Do crime stats impact home sales?

6624

Maricopa Realtor Deborah Farhat scrolled through the online residential real estate website Trulia late last year and noticed something startling.

The crime statistics displayed on the site for the nearly 45-square-mile city of Maricopa showed criminal activity roughly 10 times greater than the entire city of Phoenix. When Farhat looked at other cities, she saw crime numbers only a small fraction of what Maricopa showed.

Today, Trulia’s crime numbers for Maricopa still come up nearly five times greater than the city of Phoenix, despite the fact that Maricopa has many fewer crimes. Trulia lists properties for sale and rent, as well as neighborhood information.

“It makes our city look like we have something seriously wrong out here,” Farhat said.

Realtor Tony Schumacher of Maricopa Real Estate said the data on Trulia could become a problem if it scares off even a small percentage of buyers from looking at homes in Maricopa.

Schumacher estimated about 75 percent of homebuyers he works with use an online tool as the first step toward looking at homes. And a spokeswoman for Trulia said the website’s crime maps are among the top two most clicked maps on the website.

While some realtors are concerned about the data scaring off potential Maricopa homebuyers, neighborhood block watch captains and police acknowledge that while the data is imperfect, it is a valuable resource the community can use.

Maricopa police gives statistics to Crimereports.com, which provides public access to crime mapping.

“Crimereports.com is great, but the downside is that it doesn’t show you if there’s a trend,” said Desert Cedars block watch coordinator Terrell Hoffman.

Hoffman said she uses the data to obtain an overall picture of crime in her area and then follows up with the police department’s volunteer crime prevention specialist Joi-Ashli Gibbs to gather more information.

“I can educate them on … this is how the call came out, and this is what actually occurred,” Gibbs said.

According to a spokeswoman for Trulia, the company obtains its crime data from two companies called crimereports.com and spotcrime.com, which obtain the data directly from police departments.

The reason Maricopa appears to have so many crimes online is because the Maricopa Police Department reports not just actual crimes but nearly all calls for service to crimereports.com, said Ricardo Alvarado, the department’s public affairs specialist.

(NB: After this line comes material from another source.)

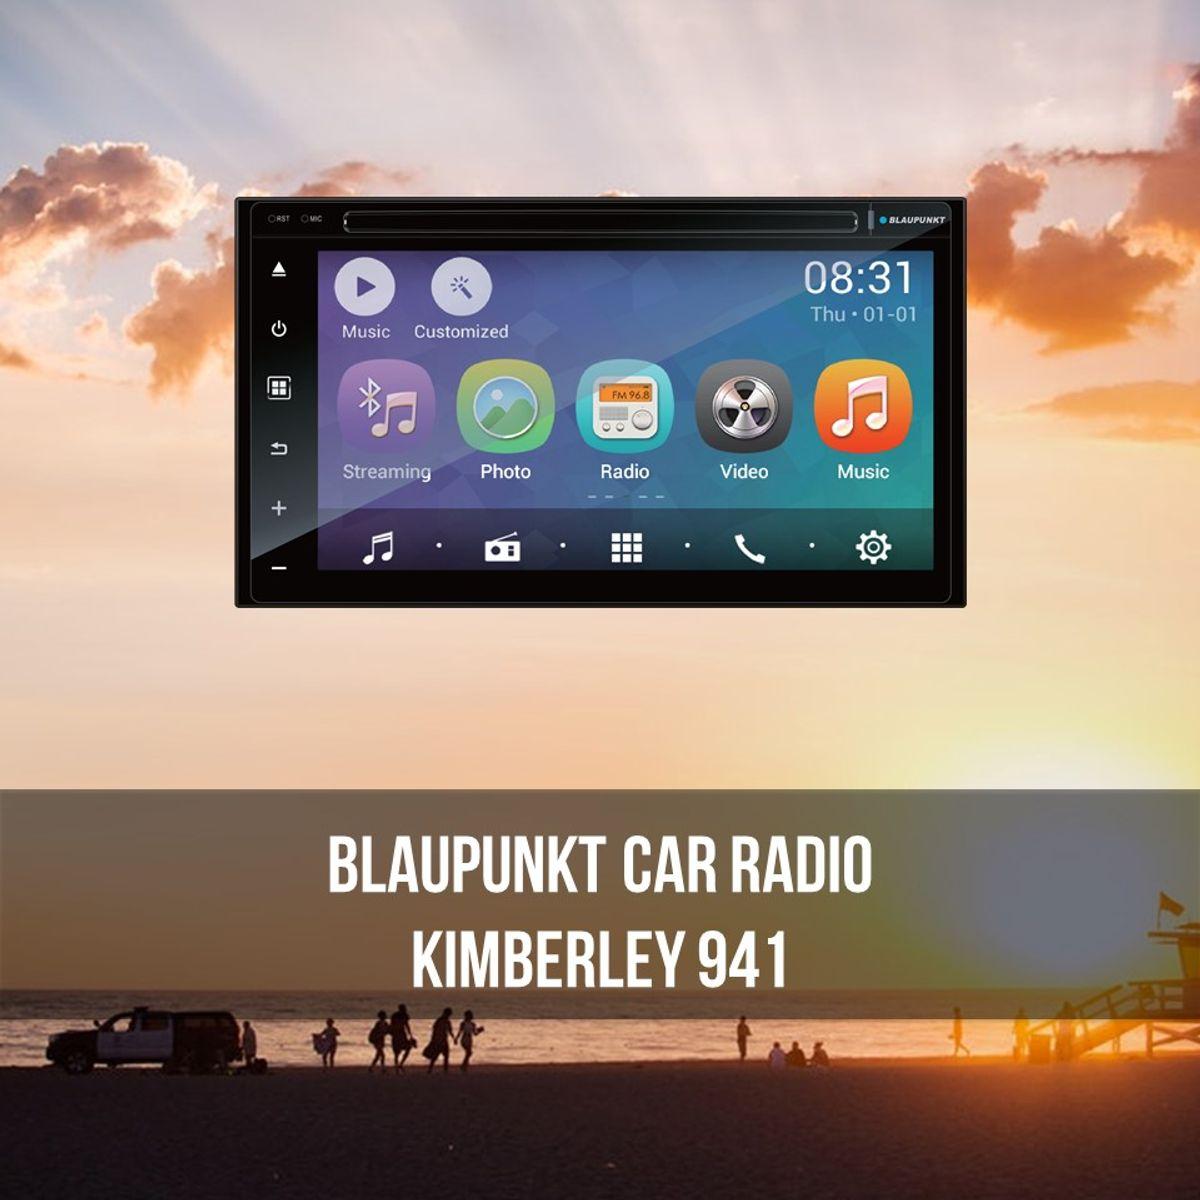 Entertainment filled car radio,Blaupunkt Kimberly 941
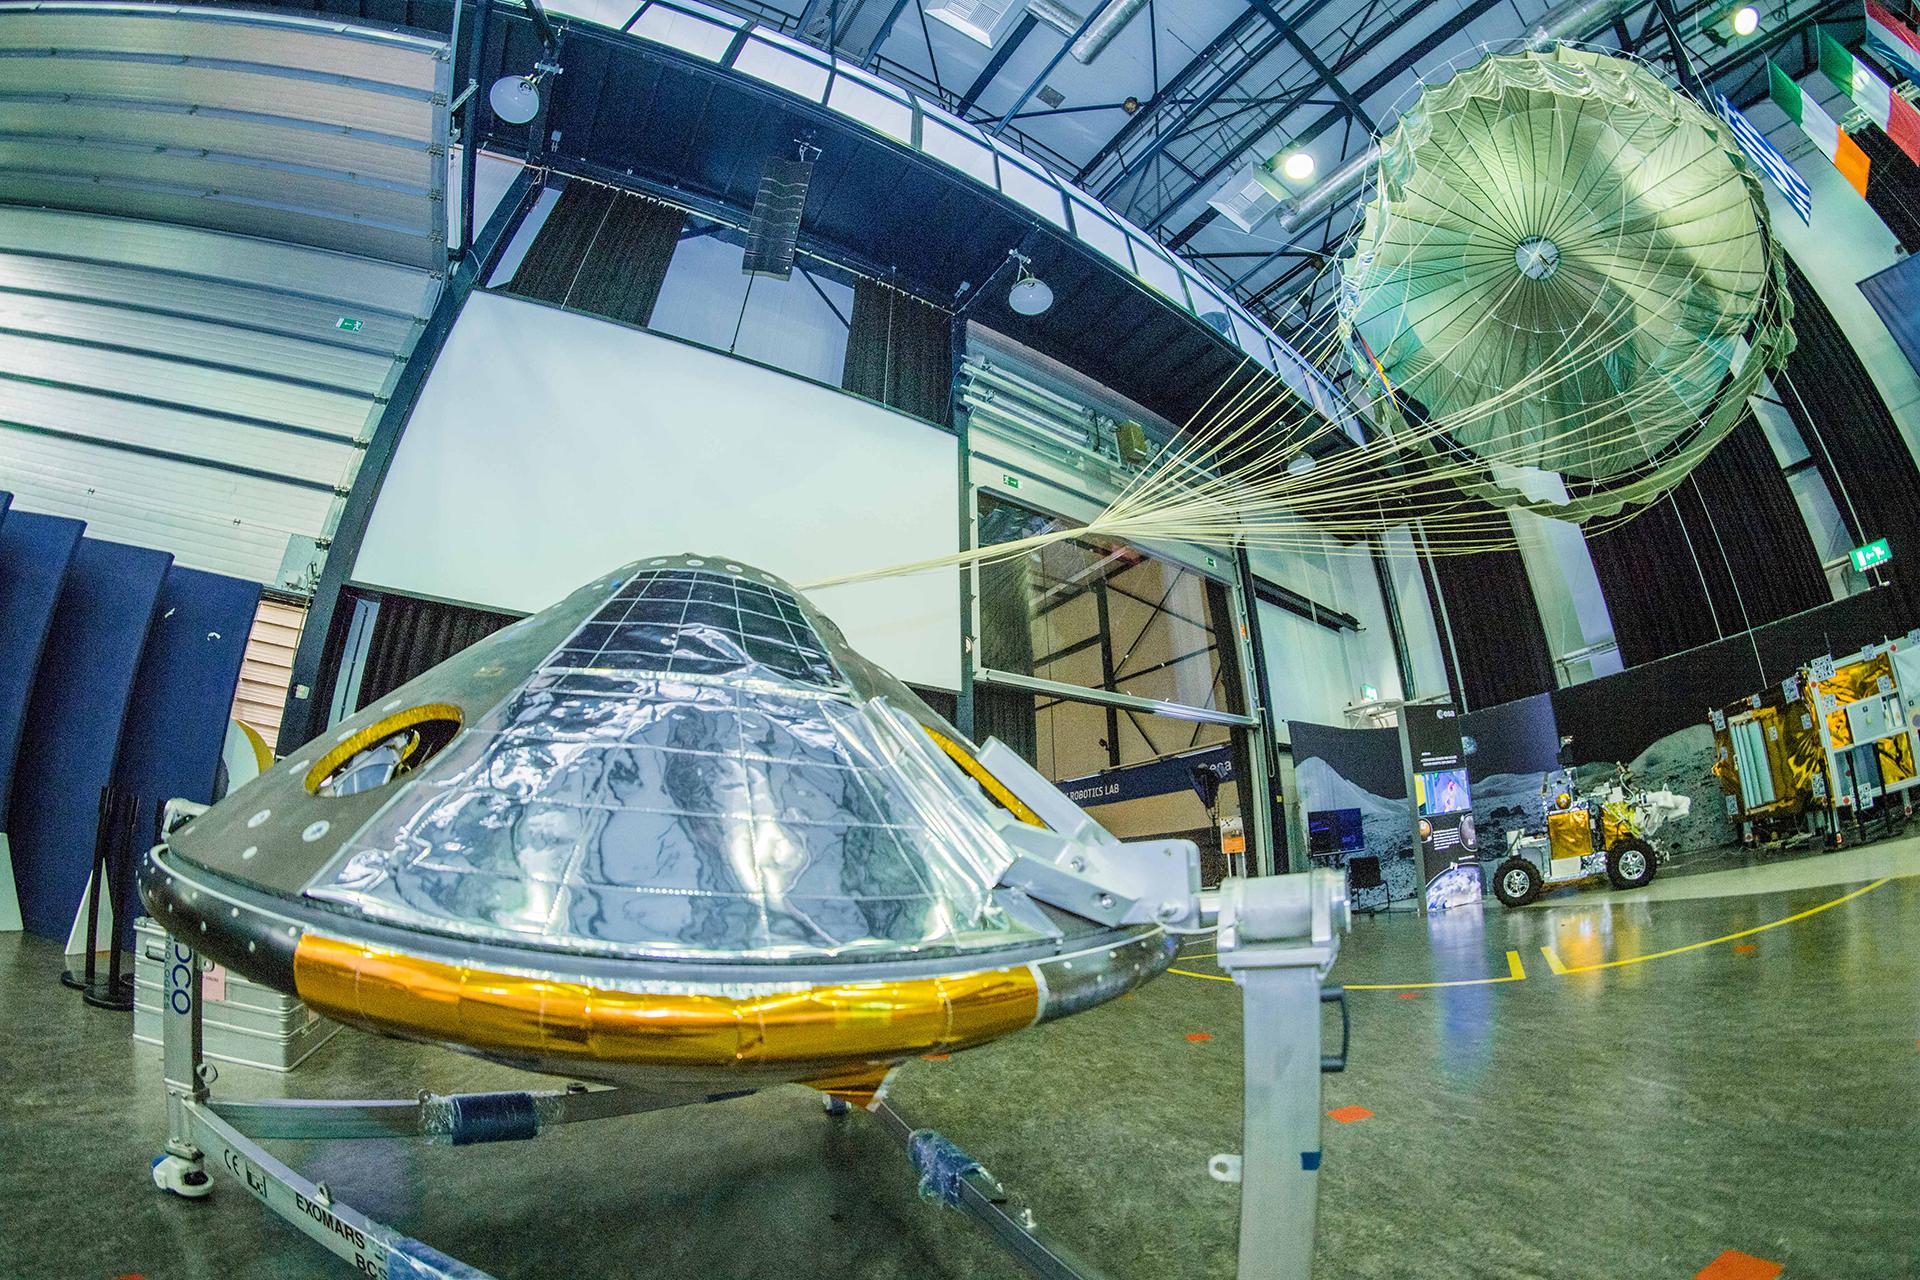 Raumfahrt astronomie blog von cenap   blog: raumfahrt   esa ...

Although traffic stops, homicides and certain types of sex crimes are not included in the list, nearly every other type of call is submitted two or three times per day, Alvarado said. Since a call for service is nothing more than someone requesting police services for any reason, the data is not always going to reflect actual crimes.

“It’s not a perfect system,” Alvarado said, “but we do our best to keep the information accurate and as transparent as we possibly can.”

Other police departments around the Valley have different ways for reporting crime data to the public, but there is no standard approach. The data posted on Trulia and crimereports.com varies from city to city depending on when and what the police department in that city reports.

Crimereports.com did not return requests for comment on how they obtain their numbers and how they ensure their accuracy. However, police departments confirmed how they provide their data to the company.

For example, Gilbert police spokesman Sgt. Jesse Sanger said his department reports criminal offenses to crimereports.com and the data is reported once per day.

Phoenix police spokesman Sgt. Trent Crump said his department has contracted with another company called BAIR Analytics, which operates raidsonline.com, but that the department’s internal system must be updated before they can begin reporting real-time data.

Crump does not know how crimereports.com is obtaining crime data from his police department, but said Phoenix police post some crimes on its own website and report crimes quarterly for the FBI’s Uniform Crime Report. A search on crimereports.com under “Phoenix, Arizona” shows a crime map and attributes the source of the data as Arizona State University Police Department.

“It would be ideal to have real-crime data, instead of ‘The police department’s phone rang 50 times today,’” Schumacher said regarding Maricopa’s data.

Trulia Product Public Relations Manager Korina Buhler said her company is proud of its heatmaps, which show everything from area crime to school boundaries and even natural disasters. She said the maps are created by analyzing the density of 12 months of crime data across census blocks.

“We believe we’re painting a pretty clear picture of the safety of the neighborhood,” Buhler said.

She added, “The crime heatmaps are built into our mobile apps because it’s the No. 1 thing our consumers ask for along with school boundaries.”